I feel good when I’m productive.

Earlier today I was reading an interpretation of my astrological chart.  I’m not sure what my feelings on astrology are.  I have a cousin who is an astrologer, I believe he’s done it professionally for a long time and writes for a few newspapers.  I took an interest in it many years ago and he sent me some things to learn from, and then I read some here and there teaching myself a bit more.  I find it interesting, but like anything I relate to spiritually, I’m always skeptical.  I can believe in something, or in the possibility of something, while at the same time realizing that what I perceive is real in my mind, but not necessarily measurably real in the material world.  As the same time, I love aspects of spirituality as I do perceive them, and astrology is enjoyable to read from time to time.

Anyway, the interpretation I got on my full chart had this section in it.

“The work that you do, and the services that you offer, are very important to your sense of identity. In order to feel good about yourself, you need to be busy with daily activities and to produce work you can be proud of. Focus on finding a suitable and rewarding avenue for expressing this part of you, being extra careful to choose an occupation in which you can express yourself. You are sensitive to criticism about the work you do, and you work best when you can create your own schedule. Positive feedback for the services you render is important to you, but be careful not to over-identify with the appreciation you receive from others, as your work and your health suffers when you feel under-appreciated. Motivation to do a good job should come from within.”

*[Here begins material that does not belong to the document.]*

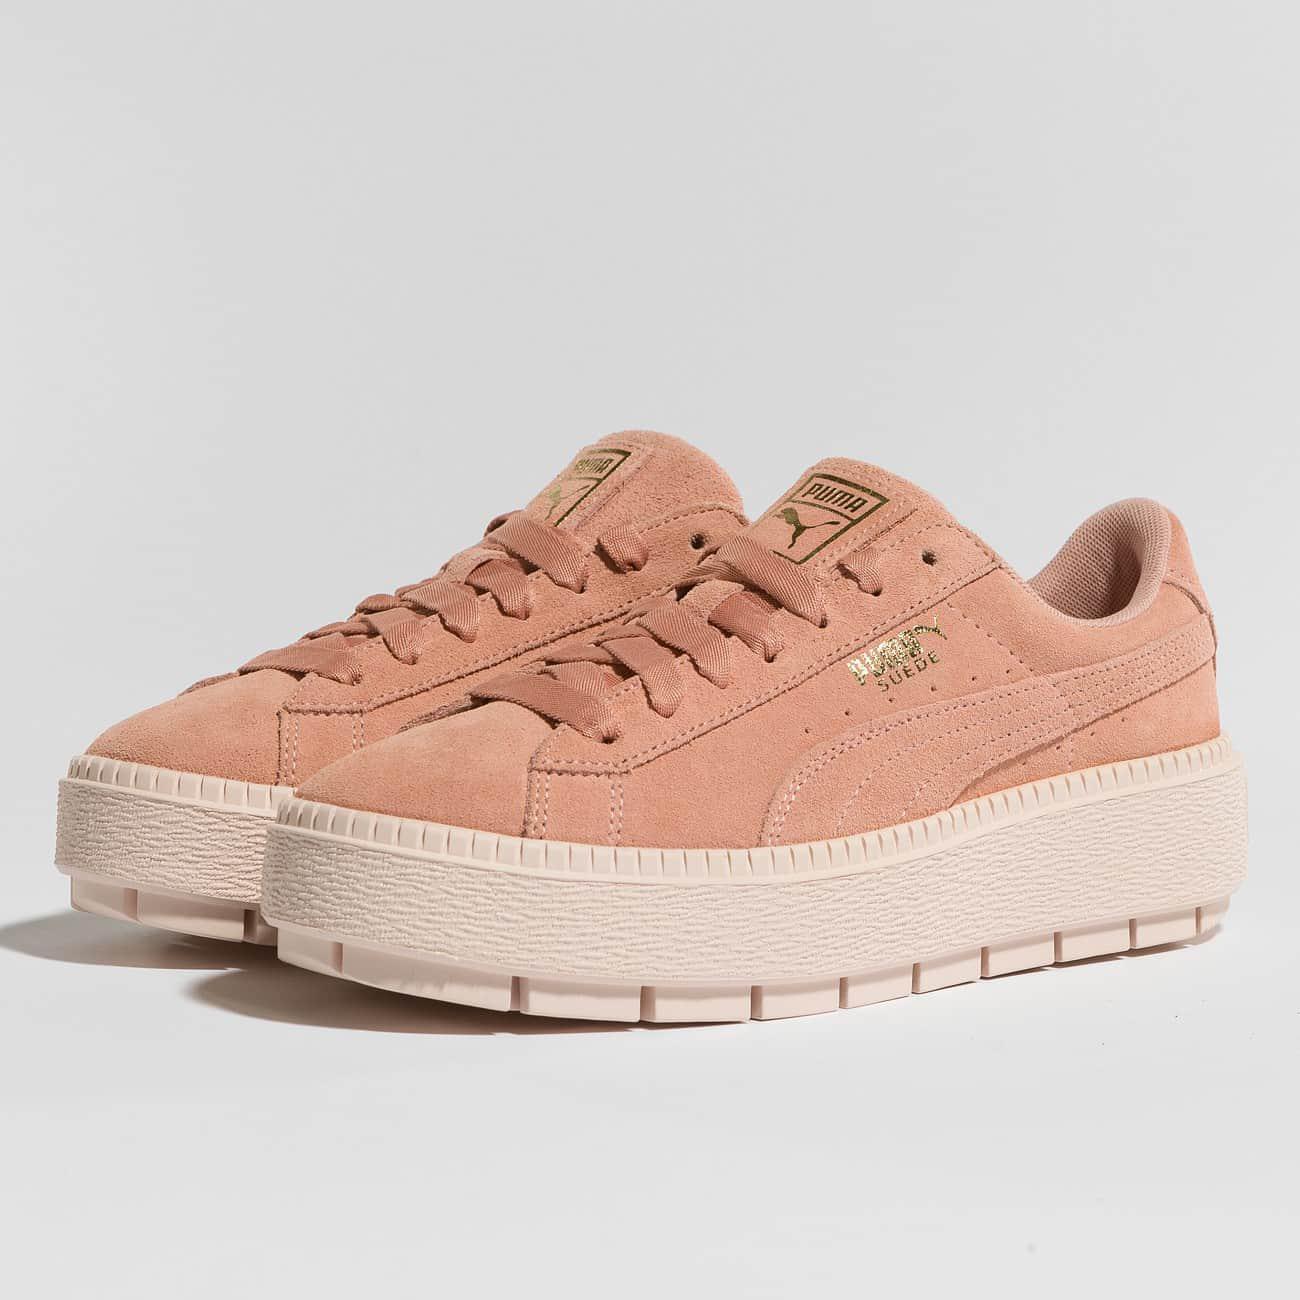 1cae0c8dac1 Lyst - Puma Wo Sneakers Platform Trace in Pink

Regardless of the accuracy or lack their of, of the planets and what they say about a person, this happened to be quite accurate to me.  When I came out of my years of alcohol induced haze and inactivity, what I did any given day became very important to me.  Productivity, usually in cleaning and de-cluttering my house, was my measure of success.  Then it was my ability to work.  When I got my first job as a vet tech, I unintentionally based a lot of my self esteem in my ability to handle that job.  I worked fourteen hour days, sometimes longer, with a head vet/owner who was verbally abusive at best some days.  The turn over at that clinic was frightening.  I remember one person who was hired and quit within two days, not because the head vet treated her terribly, she was still in the honeymoon period where our insecure boss was sucking up to her and trying to curry favor.  But the new tech saw how those of us who had been there a while were treated and left, with that as her reason, because she wasn’t willing to tolerate that sort of toxic environment.  I stayed for nearly a year, much longer then I should have.  I was miserable and stressed and almost at my breaking point, and even when I had other job offers at much better clinics with higher pay, I felt guilt for leaving.  Because I had based some of my sense of self in who I was there, in being someone who could stick it out and take the abuse, and in the first career in which I really got that satisfaction of productivity from my workplace.  I left before it fucked me up beyond reasonable repair I think…I’m not sure, it was a close call and it took another six months before I could de-stress to any reasonable degree.

When everyone moved out of my household over the summer and I had the chance to live by myself for a few months, I was the only one to do what had been chores we split between the whole household.  It was a huge boost to my mood each day when I finished all the morning chore list I had made for myself.  I measured my mental health, my self worth, my success, by my productivity.  “In order to feel good about yourself, you need to be busy with daily activities and to produce work you can be proud of.”  That is me to the letter.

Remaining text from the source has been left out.